Data for analysis »
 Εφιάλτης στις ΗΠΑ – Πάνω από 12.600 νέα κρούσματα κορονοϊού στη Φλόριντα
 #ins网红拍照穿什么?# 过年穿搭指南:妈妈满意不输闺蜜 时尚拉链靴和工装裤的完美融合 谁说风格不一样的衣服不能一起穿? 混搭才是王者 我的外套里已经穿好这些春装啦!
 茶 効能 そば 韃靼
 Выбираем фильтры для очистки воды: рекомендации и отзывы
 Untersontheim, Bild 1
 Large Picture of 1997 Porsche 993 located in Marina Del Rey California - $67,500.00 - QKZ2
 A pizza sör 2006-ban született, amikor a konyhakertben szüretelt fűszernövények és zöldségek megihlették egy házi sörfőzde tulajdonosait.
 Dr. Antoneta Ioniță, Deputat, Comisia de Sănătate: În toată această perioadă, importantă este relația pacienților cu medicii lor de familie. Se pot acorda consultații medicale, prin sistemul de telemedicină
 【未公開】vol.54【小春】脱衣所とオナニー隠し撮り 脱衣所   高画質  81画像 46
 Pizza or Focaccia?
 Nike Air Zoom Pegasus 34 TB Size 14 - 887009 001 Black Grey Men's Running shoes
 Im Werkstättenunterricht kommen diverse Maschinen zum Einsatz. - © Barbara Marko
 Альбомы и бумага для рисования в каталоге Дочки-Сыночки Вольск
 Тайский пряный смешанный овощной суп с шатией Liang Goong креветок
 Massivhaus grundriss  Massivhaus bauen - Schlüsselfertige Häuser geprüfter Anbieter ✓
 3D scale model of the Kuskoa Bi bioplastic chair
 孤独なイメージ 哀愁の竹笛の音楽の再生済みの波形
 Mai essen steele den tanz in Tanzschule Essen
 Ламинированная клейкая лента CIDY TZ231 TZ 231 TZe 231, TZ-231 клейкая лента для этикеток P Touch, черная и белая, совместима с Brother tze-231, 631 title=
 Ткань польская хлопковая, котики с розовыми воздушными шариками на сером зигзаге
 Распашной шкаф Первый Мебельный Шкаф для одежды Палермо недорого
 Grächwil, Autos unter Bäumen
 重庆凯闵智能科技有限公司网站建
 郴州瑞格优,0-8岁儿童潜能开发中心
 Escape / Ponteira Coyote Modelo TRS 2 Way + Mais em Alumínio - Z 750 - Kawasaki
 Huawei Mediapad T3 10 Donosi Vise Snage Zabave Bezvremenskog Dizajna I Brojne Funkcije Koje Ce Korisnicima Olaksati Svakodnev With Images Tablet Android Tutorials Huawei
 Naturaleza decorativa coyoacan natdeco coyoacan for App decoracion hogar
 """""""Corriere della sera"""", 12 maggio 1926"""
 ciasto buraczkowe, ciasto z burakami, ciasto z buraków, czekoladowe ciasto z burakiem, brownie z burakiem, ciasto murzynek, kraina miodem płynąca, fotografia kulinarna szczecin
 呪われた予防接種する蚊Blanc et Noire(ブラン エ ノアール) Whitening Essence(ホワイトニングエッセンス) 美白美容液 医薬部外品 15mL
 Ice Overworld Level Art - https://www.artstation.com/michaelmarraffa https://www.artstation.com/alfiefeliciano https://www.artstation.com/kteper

Problem requirements »
Among the records above, repeat exactly the line with "Escape / Ponteira", the line with "Huawei Mediapad T3", and every line in between, and only those.

Answer to this problem »
 Escape / Ponteira Coyote Modelo TRS 2 Way + Mais em Alumínio - Z 750 - Kawasaki
 Huawei Mediapad T3 10 Donosi Vise Snage Zabave Bezvremenskog Dizajna I Brojne Funkcije Koje Ce Korisnicima Olaksati Svakodnev With Images Tablet Android Tutorials Huawei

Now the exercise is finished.